About Dry Grasses
Turkish auteur Nuri Bilge Ceylan returns for his ninth feature, which centres on a schoolteacher accused of abuse by a female student
Impeccably captured against the chilly, rugged beauty of snow-laden Anatolia, About Dry Grasses is another masterclass in deliberate, textured, literary-minded arthouse cinema from Nuri Bilge Ceylan.
This Turkish filmmaker is no stranger to creating intellectually-minded protagonists who elicit conflicting emotions from the audience, and the ambiguous character at the centre of Ceylan's latest film is a doozy. Samet (Deniz Celiloğlu) is a disgruntled educator completing the fourth – and he hopes, final – year of a placement at a school in a rural backwater. He is an art teacher and sometimes photographer who cares little for the people eking out an existence around him. He produces vaguely condescending portraits of locals and longs to be in Istanbul. He is prickly and fairly unlikeable even before he and his colleague/roommate, Kenan (Musab Ekici), are accused of inappropriate behaviour by two female students.

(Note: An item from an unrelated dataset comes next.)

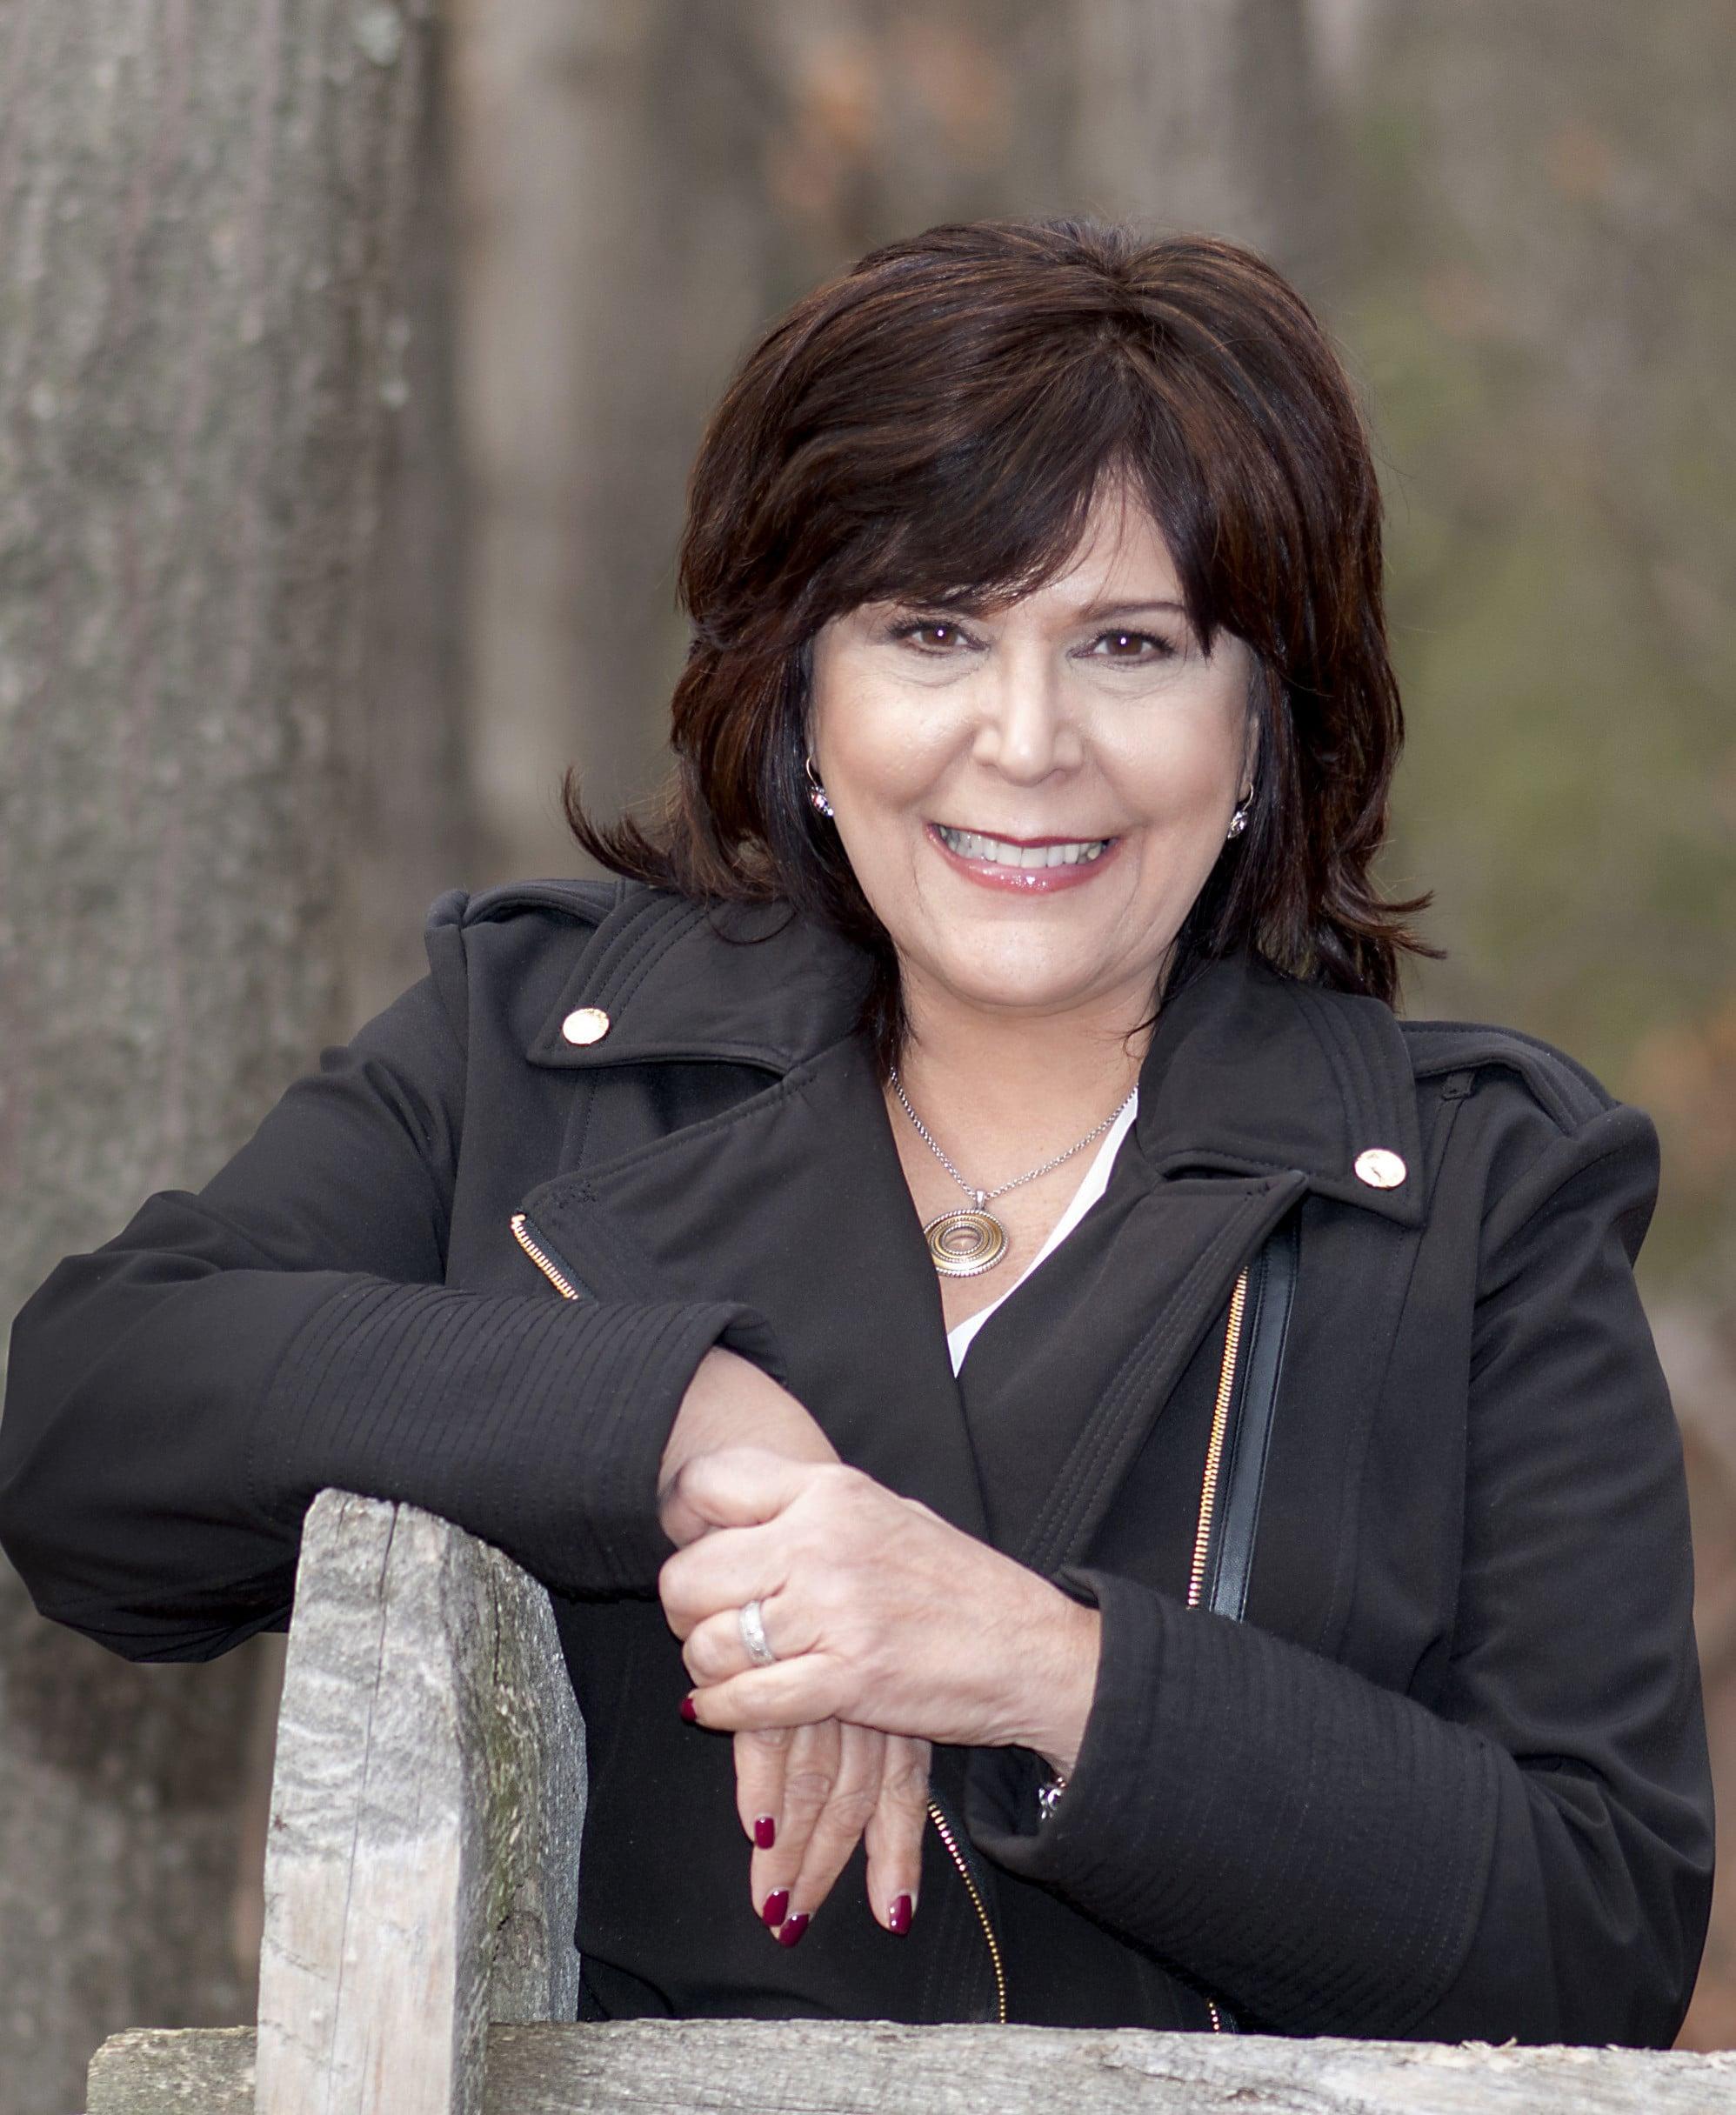 Joanne Turnier

Prior to the accusations, Samet is seen being overfamiliar with Sevim (Ece Bağcı), one of his students, to whom he brings a gift from his recent travels and shares a moment of slightly too intimate physical contact. Sevim is subsequently embarrassed when a love letter is confiscated from her bag in class and Samet reads it. She appears to lash out in retaliation by reporting Samet to the headteacher.
This setup might sound like it is laying the groundwork for something salacious or melodramatic, but rather than being seduced by the spectacle, Ceylan is instead more interested in the prevailing bureaucratic morass and moral fallout. The situation becomes the catalyst for foibles and failings to be laid bare – both in Samet’s increasingly unpleasant behaviour towards his class and his spiteful intervention in a burgeoning romance between Kenan and Nuray (Merve Dizdar), a fellow teacher from a nearby town in whom Samet had previously shown little interest.

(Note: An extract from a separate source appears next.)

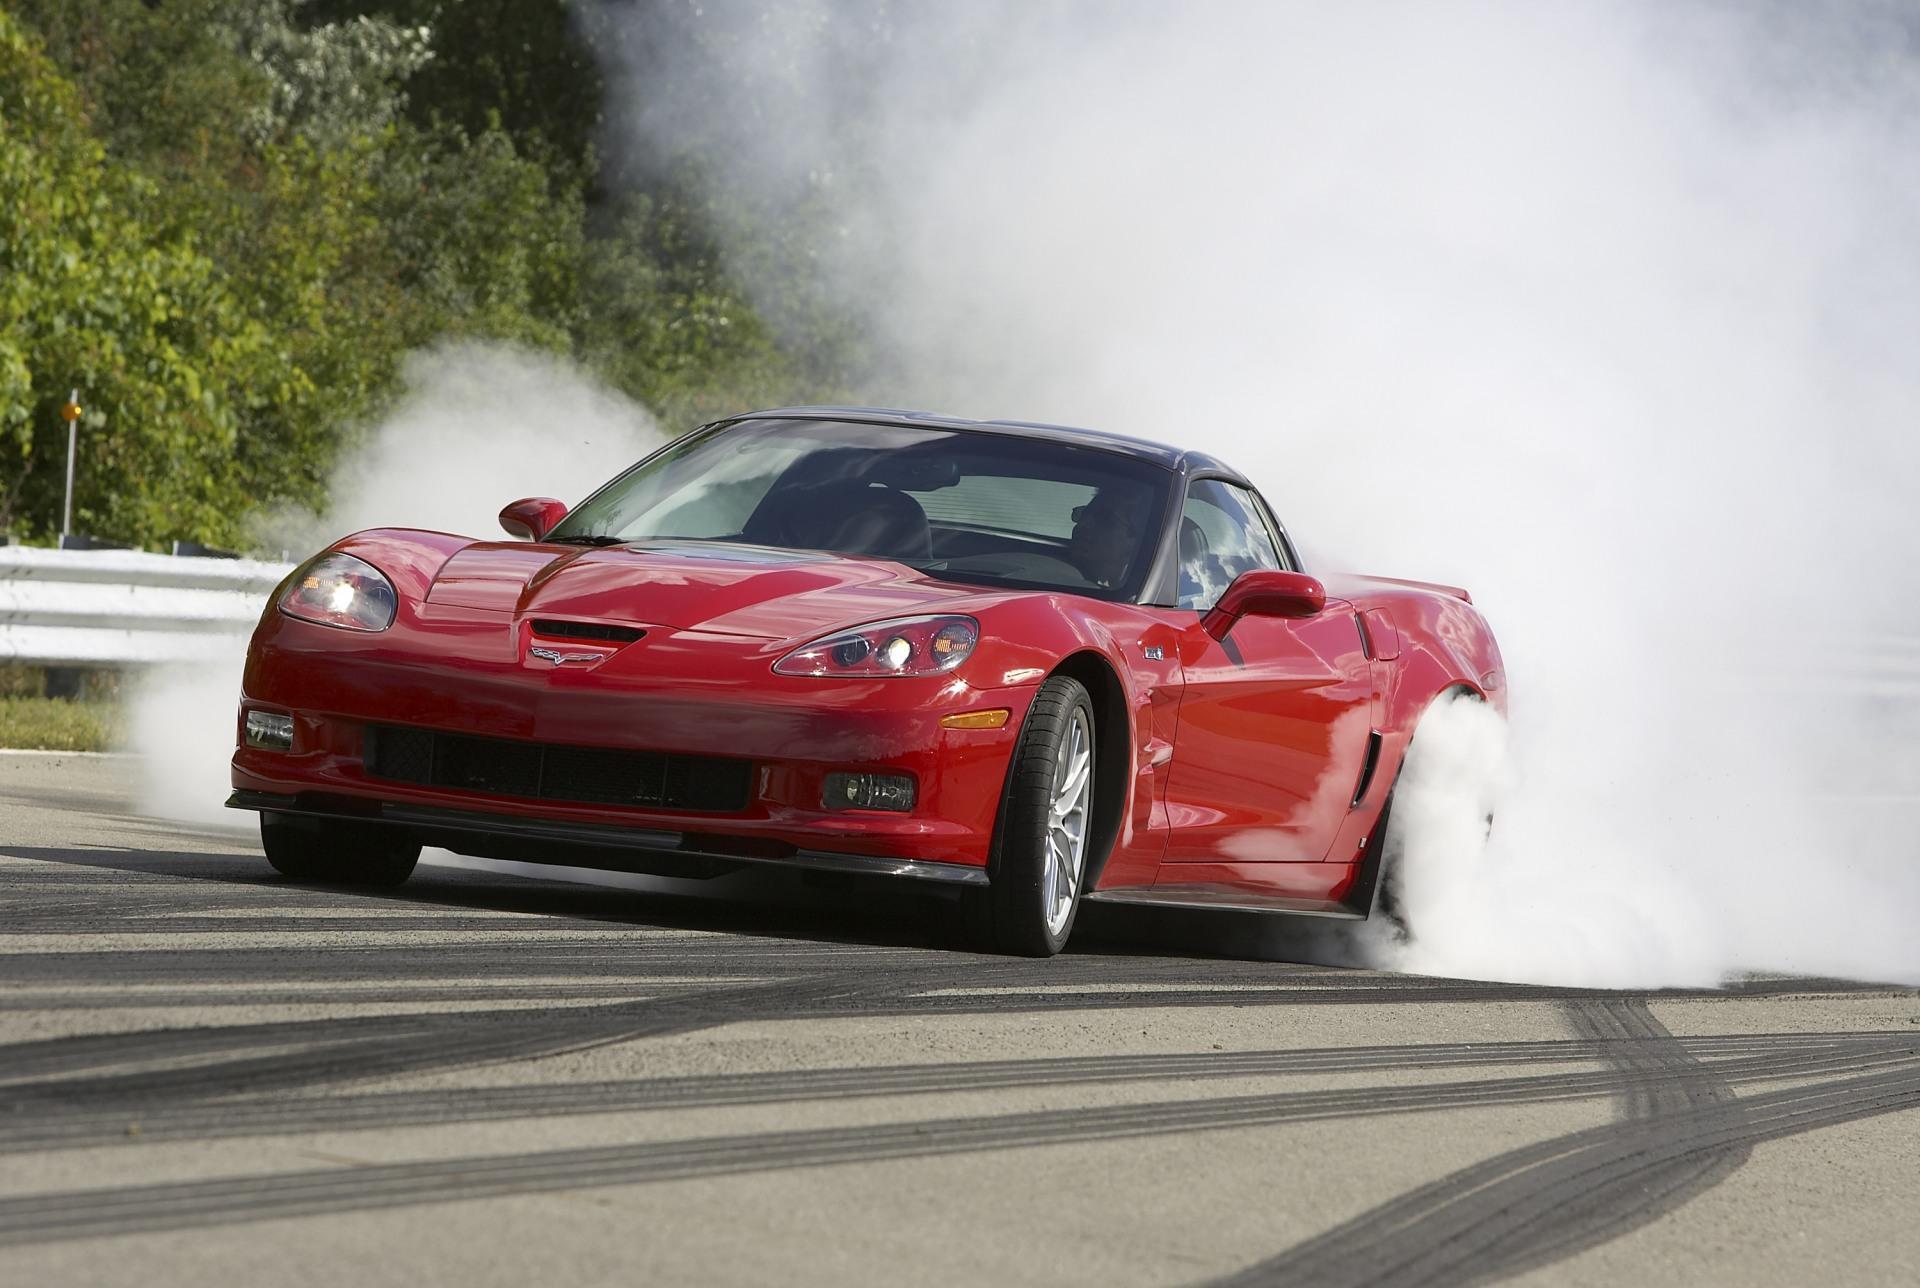 2011 chevrolet corvette zr1 - conceptcarz

The About Dry Grasses discourse has been filled with references to the film’s running time, the third consecutive outing in which Ceylan has breached the three-hour mark. He is not making durational work, though. Even when scenes feature glacial, painterly shots of figures engulfed by wide-angle landscapes, how long they last is not their defining attribute. Instead, the pacing of Ceylan's films allows for a more immersive experience of their narratives – akin to entering the world of a slow-burning television programme more than being a film that intentionally draws out its action to emphasise its length. That is the case here, where About Dry Grasses patiently follows the stilted flows and elliptical eddies of its characters’ lives to deepen our understanding of their discontent.
Ceylan draws this out visually, offering just the kind of ravishing imagery we’ve come to expect from the director’s oeuvre, and through a meandering series of conversations that have become equally synonymous with his filmmaking style. These conversations range from innocuous or idle to pointed and political and far from tipping into overly talky territory they feel like rich and necessary excavations of character and milieu. There is even one flourish that feels like something of an outlier in Ceylan’s filmmaking which beautifully combines piercing introspection with Brechtian alienation to disarming effect. This is one of arthouse cinema’s maestros on top form.